Maury Island UFO Incident
Early Modern UFO Encounter - The UFO Before Roswell

Maury Island UFO Incident (1947)
Early Modern UFO Encounter Incident - The UFO Before Roswell

The Maury Island Incident is said to be an early modern UFO encounter incident, which allegedly took place in June 1947, three days before the famous sighting by Kenneth Arnold, widely considered the original encounter with flying saucers.

It is also one of the earliest reported instances of an alleged encounter with so-called Men in Black.

Opinions remain divided on whether the case was a genuine flying saucer sighting, a hoax or an attempt to cover up the leak of an advanced, classified aerospace project.

The incident took place shortly after June 21st, 1947. On that date, seaman Harold A. Dahl, out scavenging for drifting logs, claimed to have seen six UFOs near Maury Island.

Dahl, his son Charles, an unnamed hand and Dahl's dog were on the boat. Dahl reported seeing four, five or six (the initial FBI report says four or five) "doughnut-shaped objects" flying in formation over the area where his boat was.

He said he could see blue sky through the holes in the center of the discs, and that there appeared to be port holes lining the inside of the ring.

One of the craft appeared to be malfunctioning, Dahl reported, and another craft edged up to it, then retreated. At this point the troubled craft began ejecting objects through the inner port holes.

Slag-like material began hitting the boat and damaged the windshield, the wheel house and a light fixture, and killed his dog on the deck. He said his son was also slightly injured by falling debris.

Dahl claimed to have taken a number of photographs of the UFOs, and recovered some type of slag  ejected from the craft that malfunctioned.

Dahl also recovered samples of sheaves of lightweight white sheets of metal that fluttered like "newspapers" out from the inner ring of the troubled UFO to the ground.

The next morning, Dahl reported, a man arrived at his home and invited him to breakfast at a nearby diner; Dahl accepted the invitation.

He described the man as wearing a black suit and driving a new 1947 Buick; Dahl assumed he was a military or government representative. Dahl claimed the man told him details of the UFO sighting while they ate, though Dahl had not related his account publicly.

The man also allegedly gave Dahl a non-specific warning which Dahl took as a threat that his family might be harmed if he related details of the sighting.

Some confusion and debate over Dahl's statements have occurred. Dahl would later claim the UFO sighting was a hoax, but has also claimed the sighting was accurate, but he had claimed it was a hoax to avoid bringing harm to his family.

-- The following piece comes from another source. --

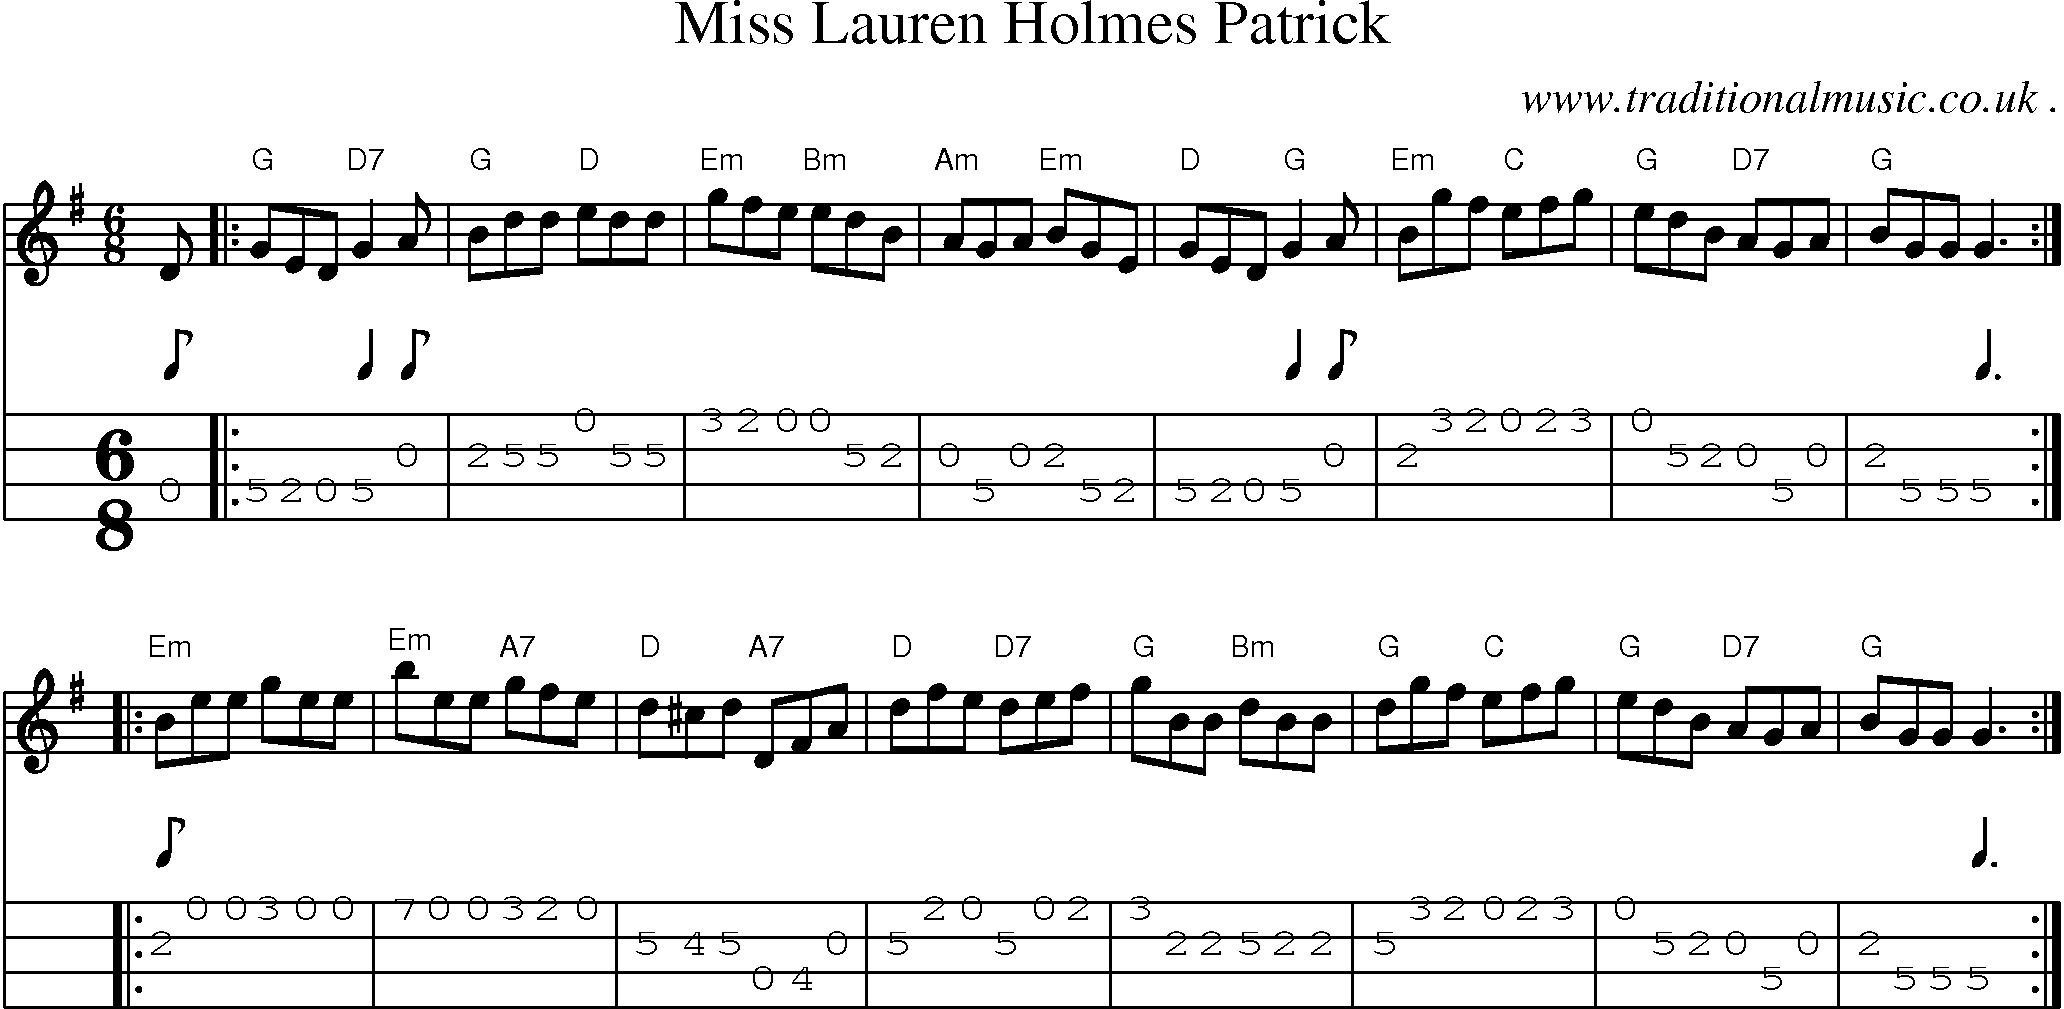 Sheet-music  score, Chords and Mandolin Tabs for Miss Lauren Holmes Patrick

This event took place at the very beginning of the modern phase of UFO sightings, usually connected with Kenneth Arnold's report from Mount Rainier and the Roswell incident.

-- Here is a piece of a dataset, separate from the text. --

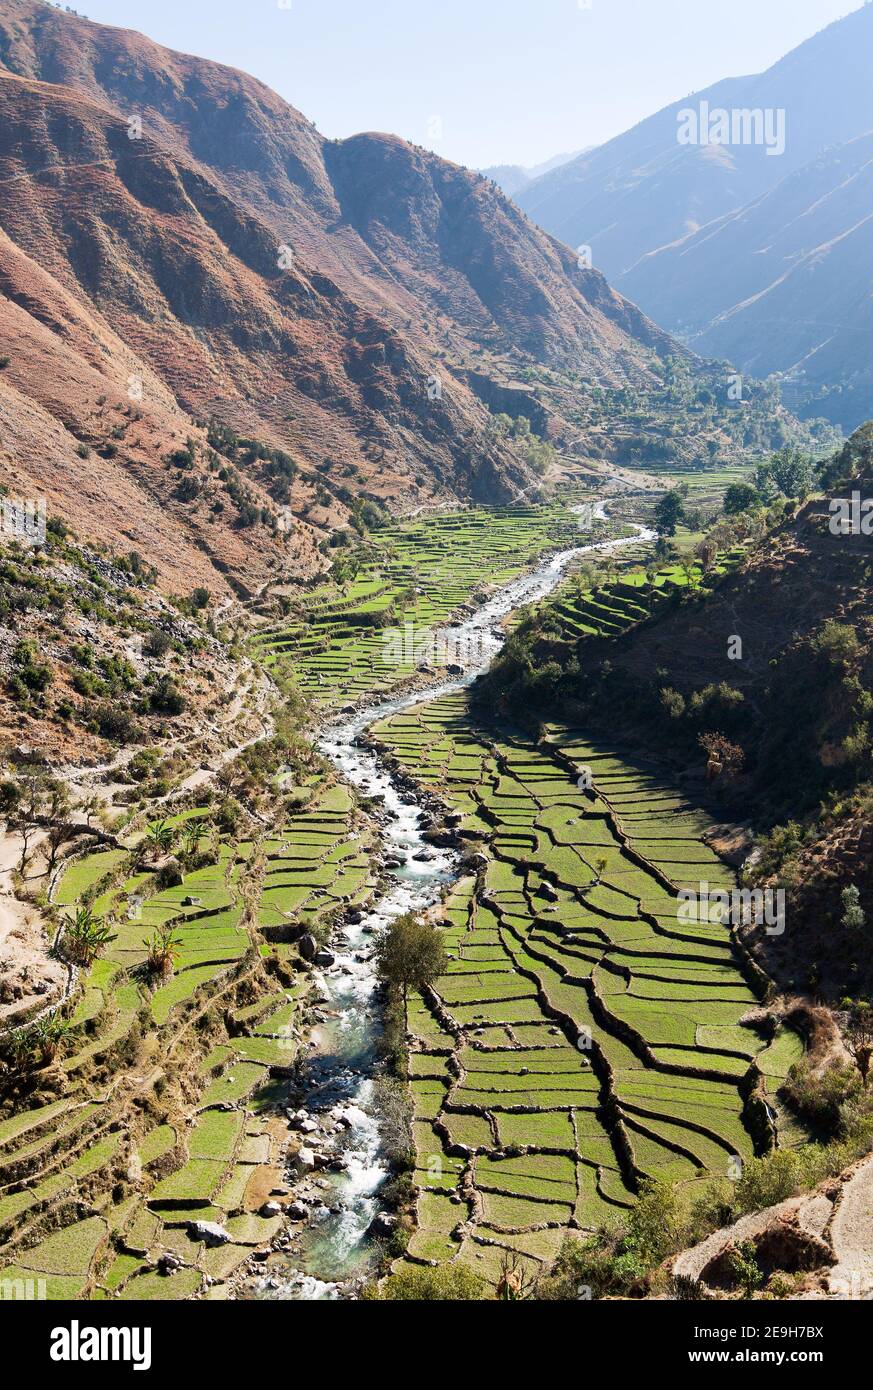 valley with rice field and river in western Nepal Stock Photo

It contains elements that became embedded in UFOlogy until now, including men in black, what appeared to be a government cover up, mysterious disappearance of physical evidence, mysterious disappearances of eye witnesses (Dahl and Crisman), mysterious deaths and inexplicable situations.

Was it a hoax? If so, whose? Dahl claimed the mysterious dark man driving the black 1947 Buick who visited him retold the events on the boat as if he had been there, although Dahl himself hadn't related the story publicly at that point. Dahl began denying the story only after the two Army Air intelligence officers died in the B-25 crash.

Dahl and Crisman told the FBI investigator they had concocted the story at the urging of Ray Palmer who wanted the mysterious rock formation to have originated on an alien saucer.

They claimed to be playing along with Palmer who wanted a story to publish, and yet the FBI agent also notes that Dahl and Crisman were "obviously" not telling all they knew and were attempting to cover something up.

Confronted on the one side with credible testimony by reliable witnesses and even military personnel with top secret security clearances on the one side and clamor in the public media on the other side, some U.S. military organizations undertook studies to determine the nature of and possible threat posed by the UFOs.

Many wondered whether the UFOs were extraterrestrial or whether they were a new Soviet espionage method, and the public and intelligence communities noted the tendency of UFOs to appear over military bases during the early years of the Cold War.

One of the earliest investigations was Project Twinkle associated with sightings of green fireballs by scientists and staff with the post-WWII Manhattan Project and at Sandia National Laboratories in the American Southwest. Project Grudge soon followed, which in turn was replaced by Project Bluebook.